The median debt loading per stock unit for those properties with debt increased to $266 per SU (+$18/SU). For the median property of 6,200 stock units debt loading is $1,650,000.

The Magic index (Farm Working Expenses plus Interest and Rent compared to gross farm income) for the top 20% of farmers is 57% and the median farm is 68%. A ratio below 75% really allows financial progress to be made because there is sufficient surplus in the business to reinvest and have the ability to repay debt.

The 2022 year was a year of financial progress for the vast majority of farmers.

Characteristics of Top 20% of Farmers:

- Earn more per stock unit from higher production levels and achieve higher value for most classes of livestock. Lambing %, +6% (132% compared to 126%), wool weights +0.60kg/SSU (5.22kg compared to 4.6kg), lamb and hogget price $12/head.

- Higher stocking rate/hectare.

- Spends similar per stock unit and therefore has much better efficiencies of production given higher production and income.

- Spends similar on fertiliser and repairs and maintenance per stock unit.

- Higher debt servicing and lease costs per stock unit ($14/SU but overall lower debt servicing % at 8% of income because of higher income (1% lower).

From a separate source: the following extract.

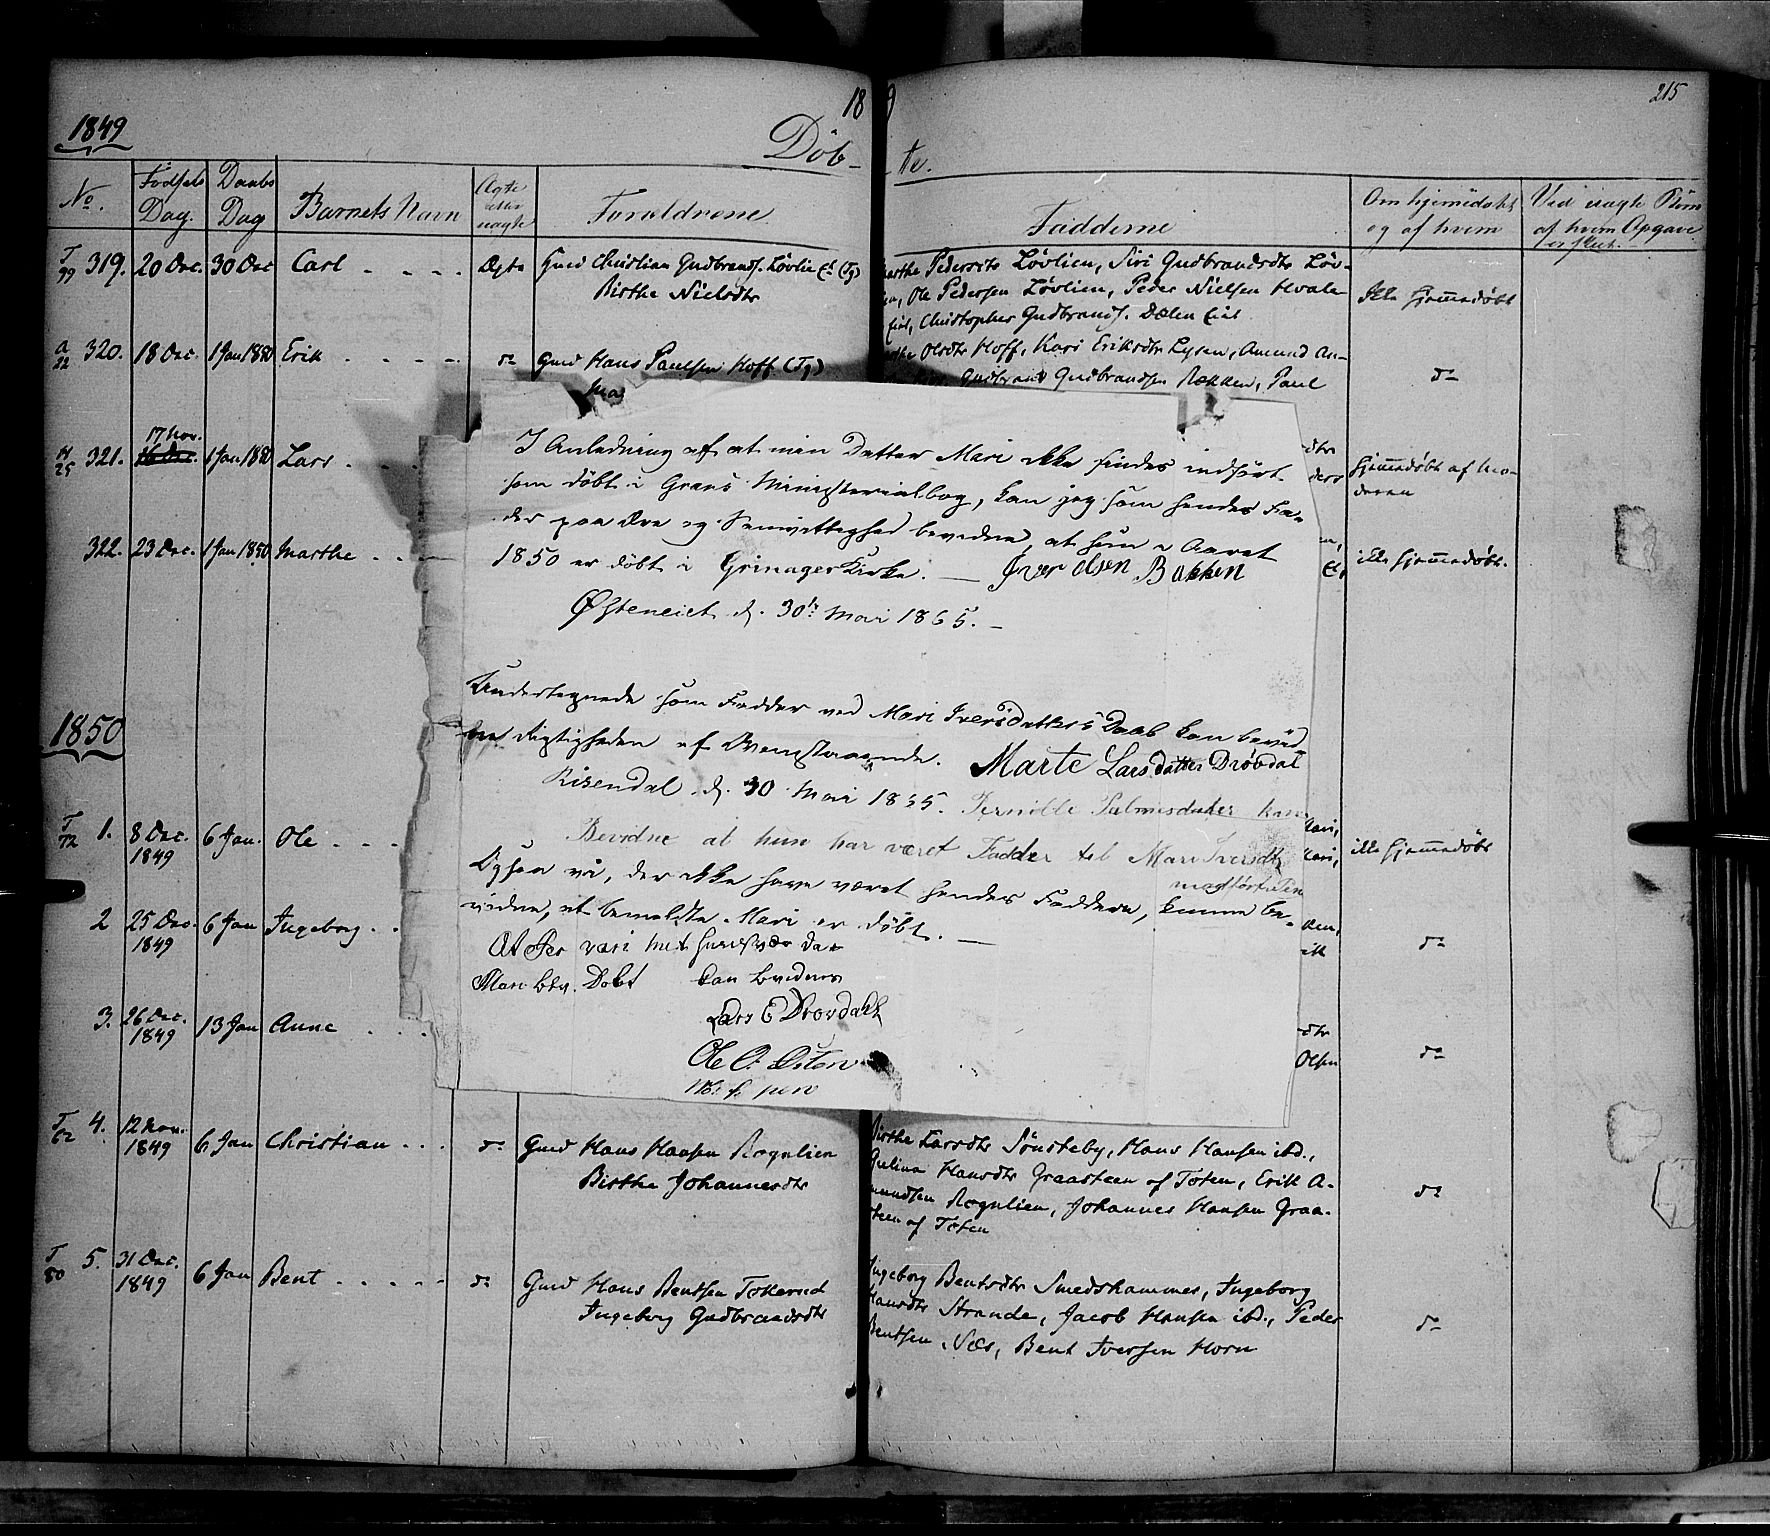 SAH, Gran prestekontor, Ministerialbok nr. 11, 1842-1856, s. 214-215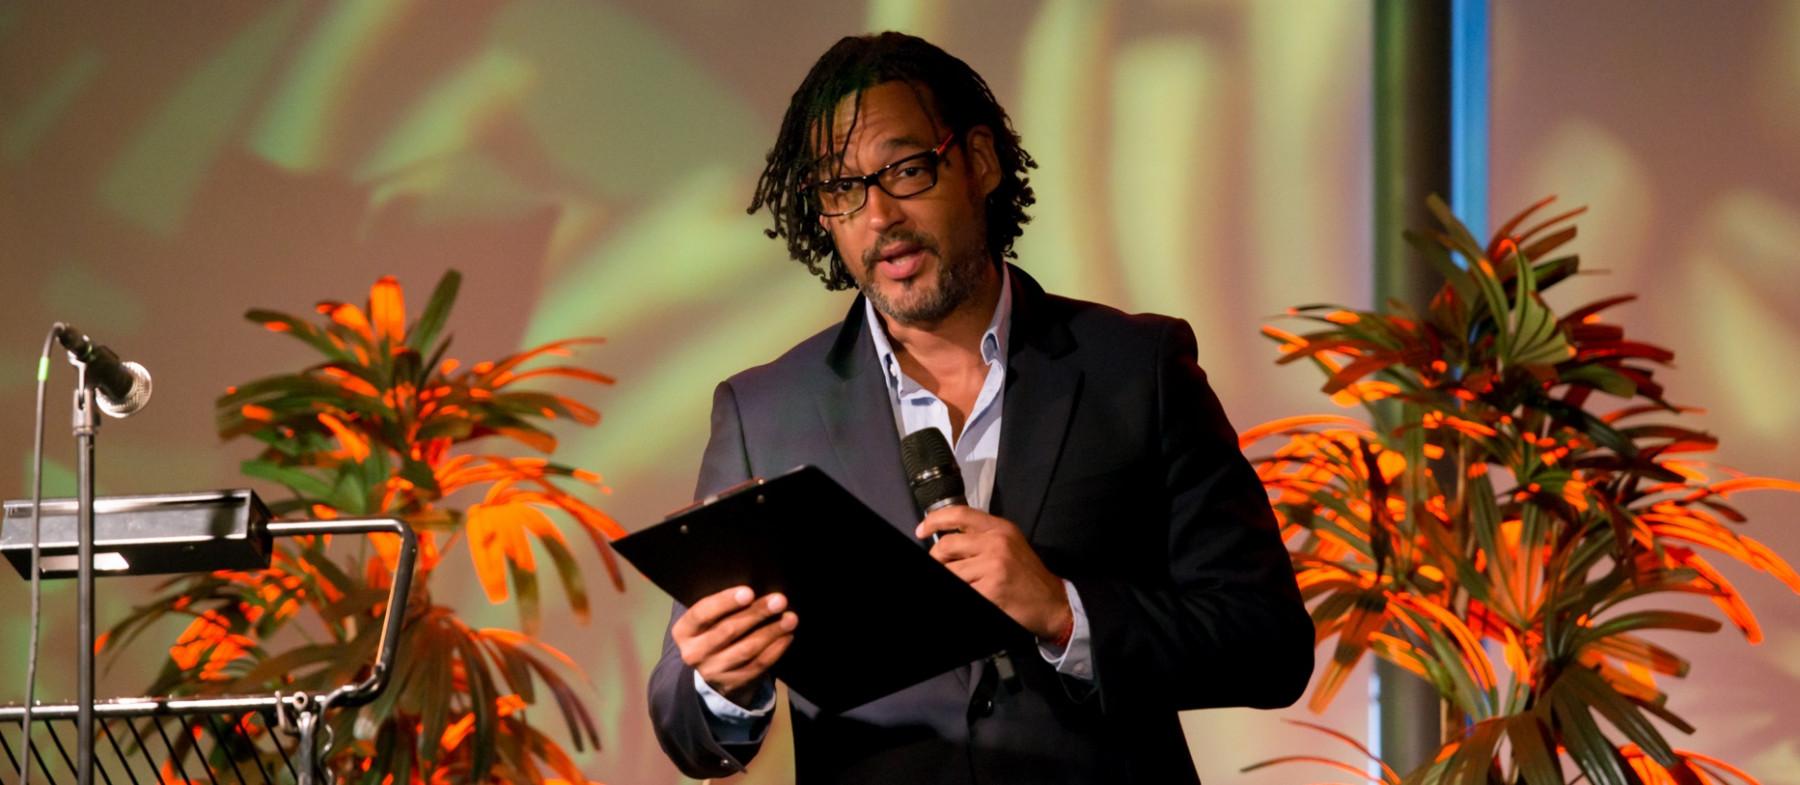 Image of historian, producer and broadcaster David Olusoga

- Top performing farmers achieve a farm surplus 82% higher than the median farm (before debt servicing) (+$38/SU).

- Pay 12% more tax than the median group.

- The final result after all income and expenses, including personal drawings, capital expenditure and tax is $205,000 higher (+$33/SU) on the same scale of property.

- They pay off more debt and they have more debt per stock unit.

- Taxable income for the top 20% is 125% higher at $461,000 compared to the median taxable income of $205,000.